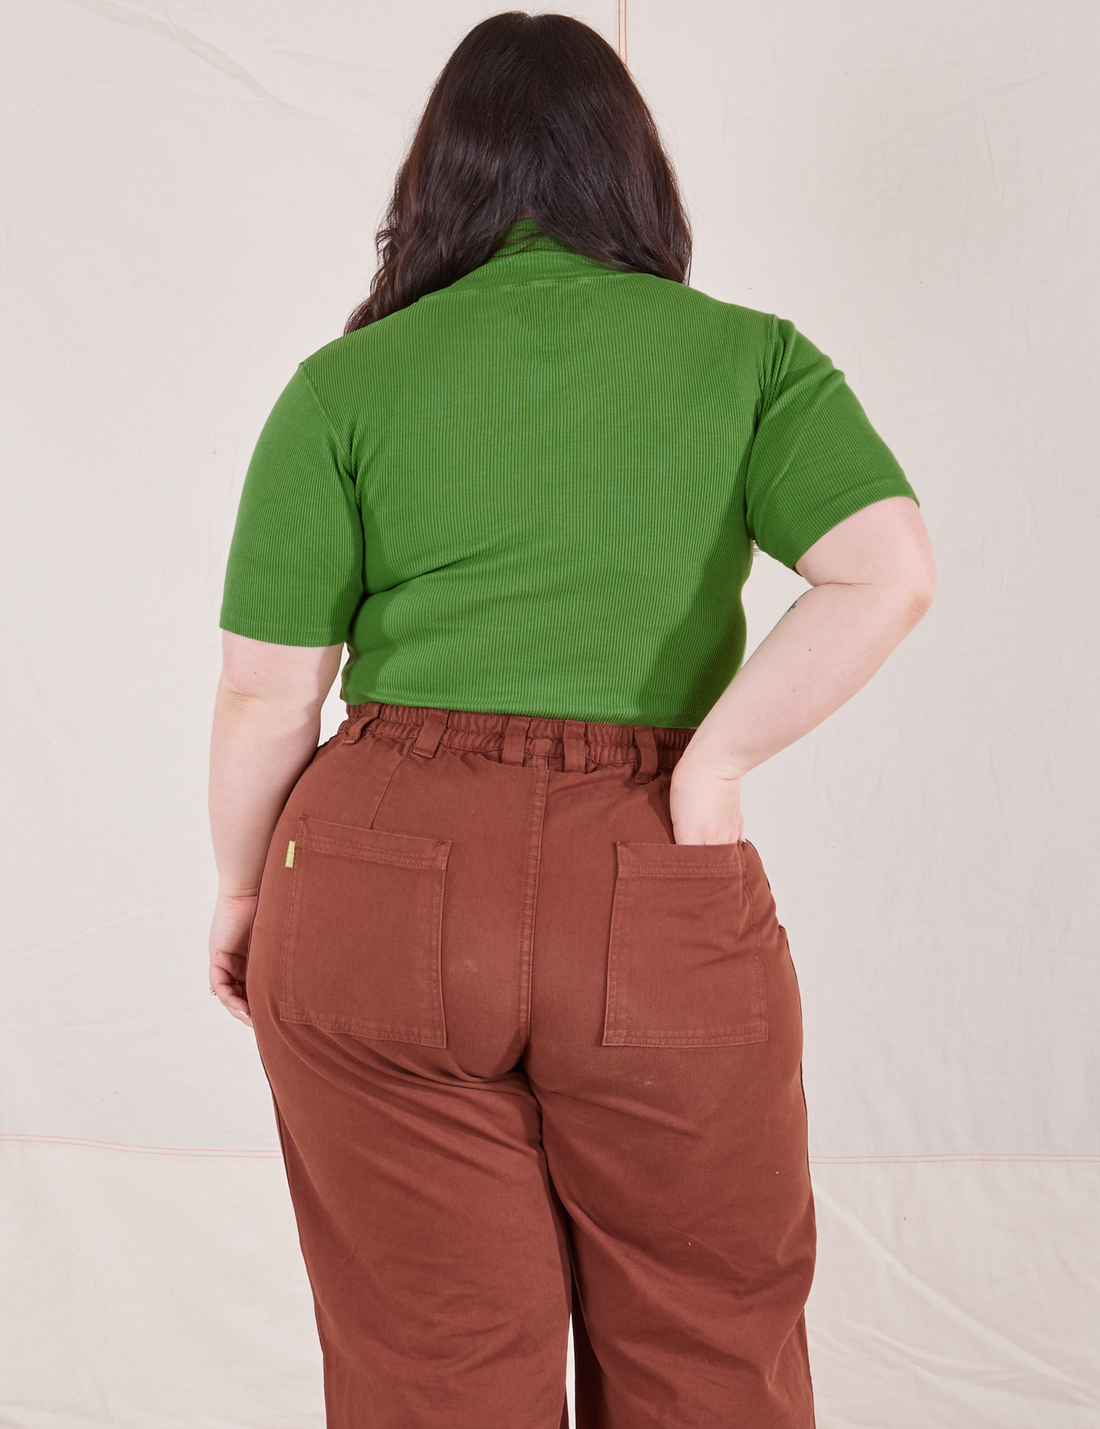 1/2 Sleeve Essential Turtleneck in Bright Olive back view on Ashley wearing fudgesicle brown Bell Bottoms. Ashley has her hand in the back pocket.
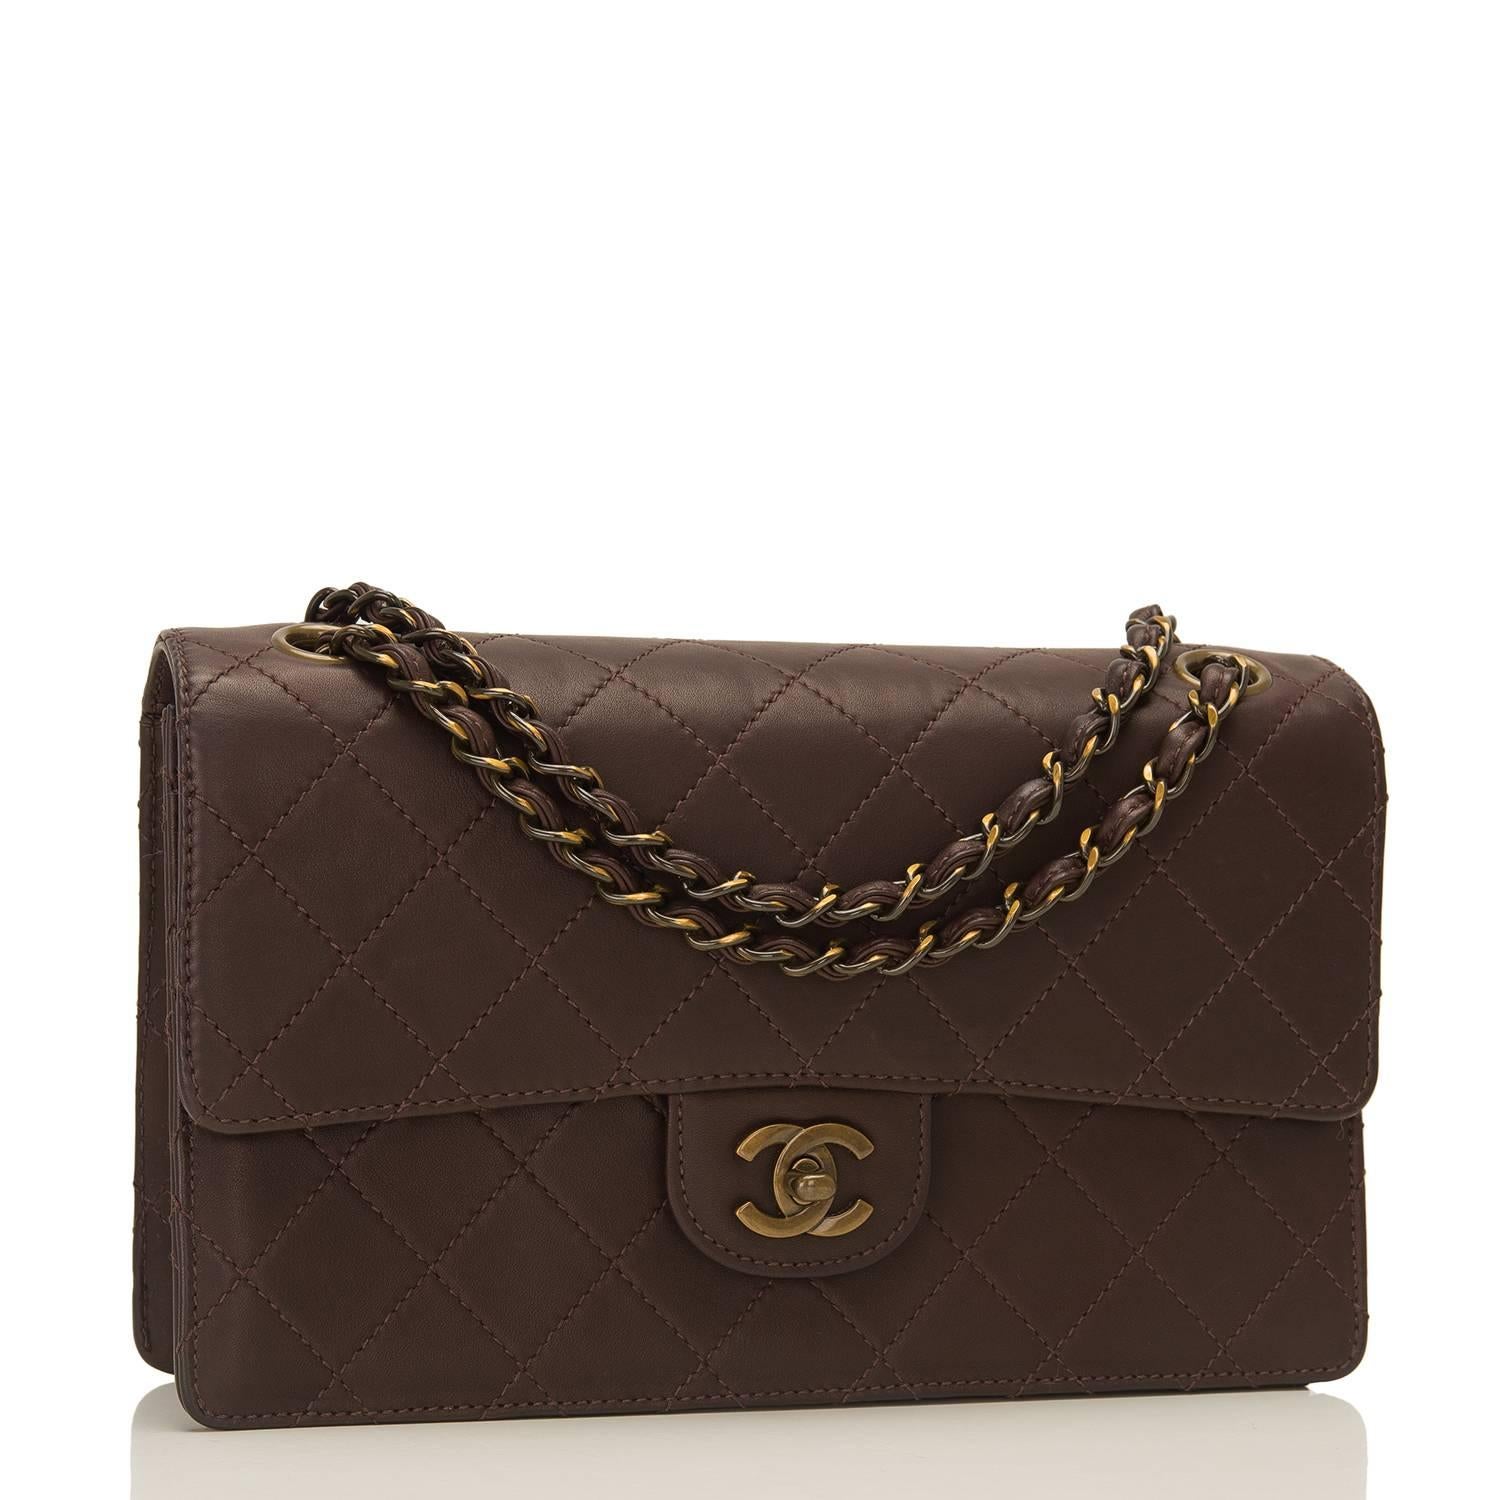 Chanel limited edition single flap bag of dark brown lambskin leather with dark gold "enameled" hardware.

This bag in the classic Medium size features a front flap with dark gold signature CC turnlock closure, tonal stitching, a half
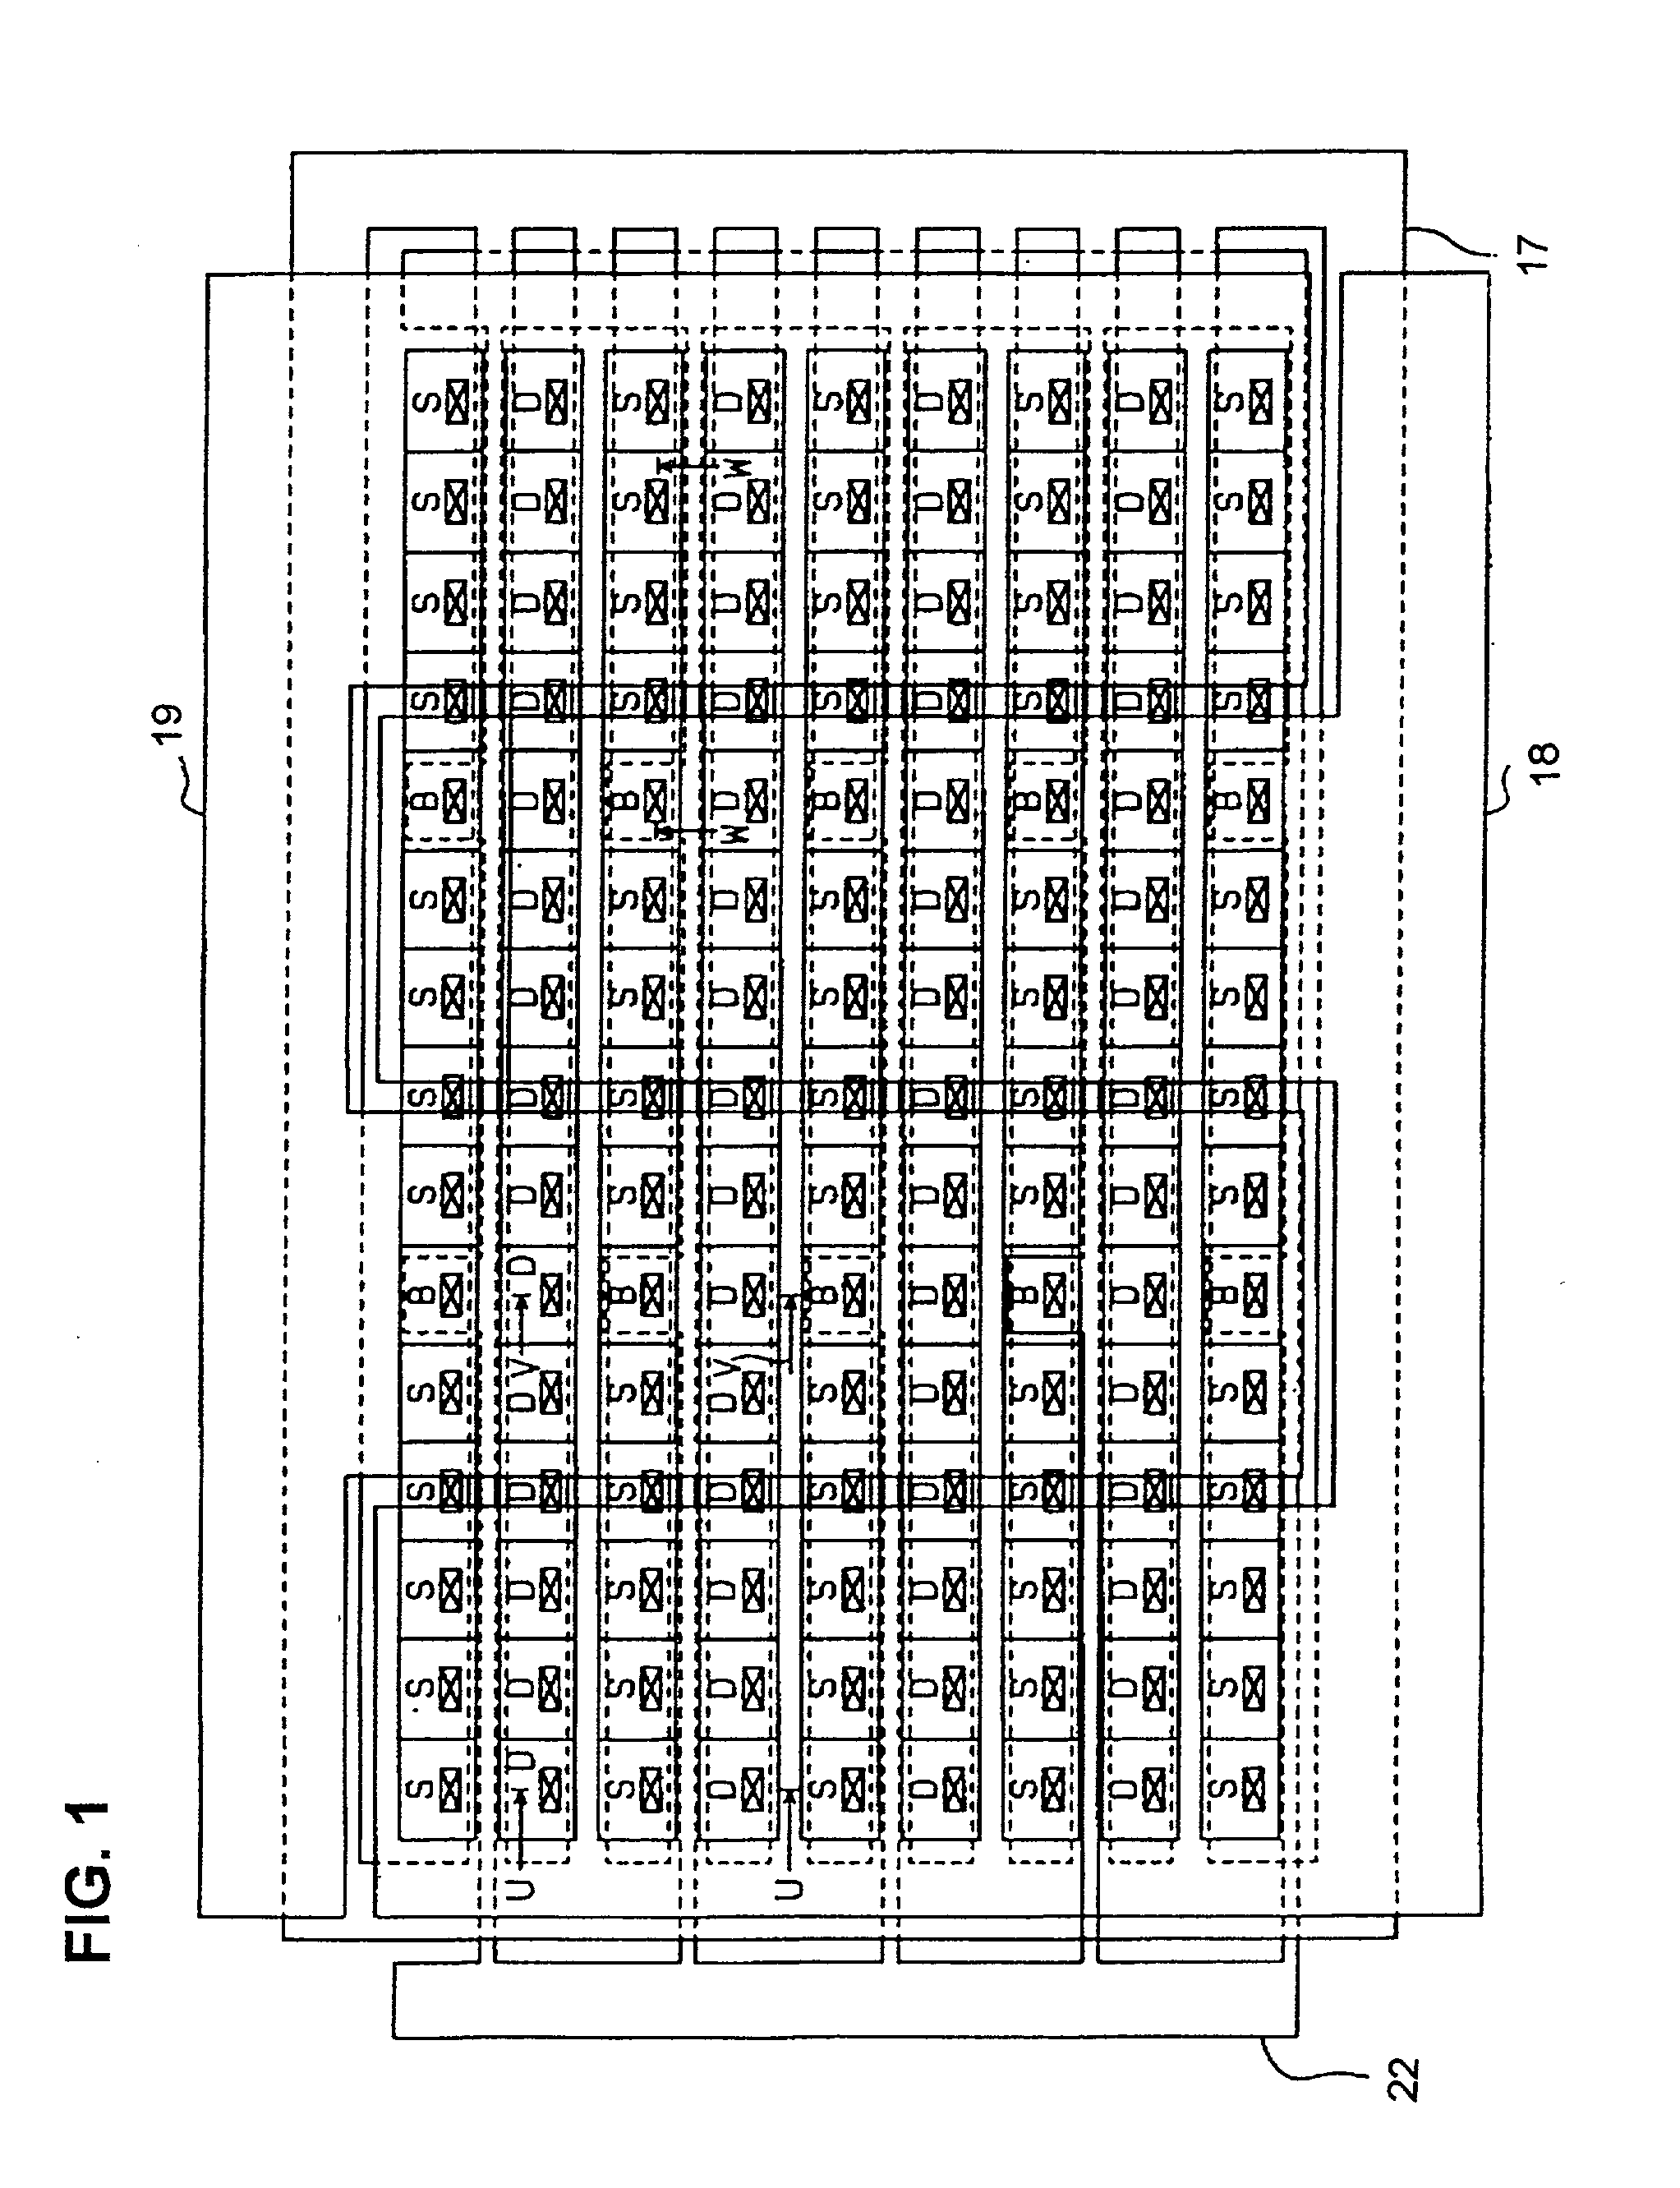 Power MOS transistor having capability for setting substrate potential independently of source potential
===
#### TASK TO CARRY OUT:
Leave the images out and give the rest of the data again exactly.

#### OUTPUT OF THE TASK:
 1/2 Sleeve Essential Turtleneck in Bright Olive back view on Ashley wearing fudgesicle brown Bell Bottoms. Ashley has her hand in the back pocket.
 Chanel limited edition single flap bag of dark brown lambskin leather with dark gold "enameled" hardware.

This bag in the classic Medium size features a front flap with dark gold signature CC turnlock closure, tonal stitching, a half
 Power MOS transistor having capability for setting substrate potential independently of source potential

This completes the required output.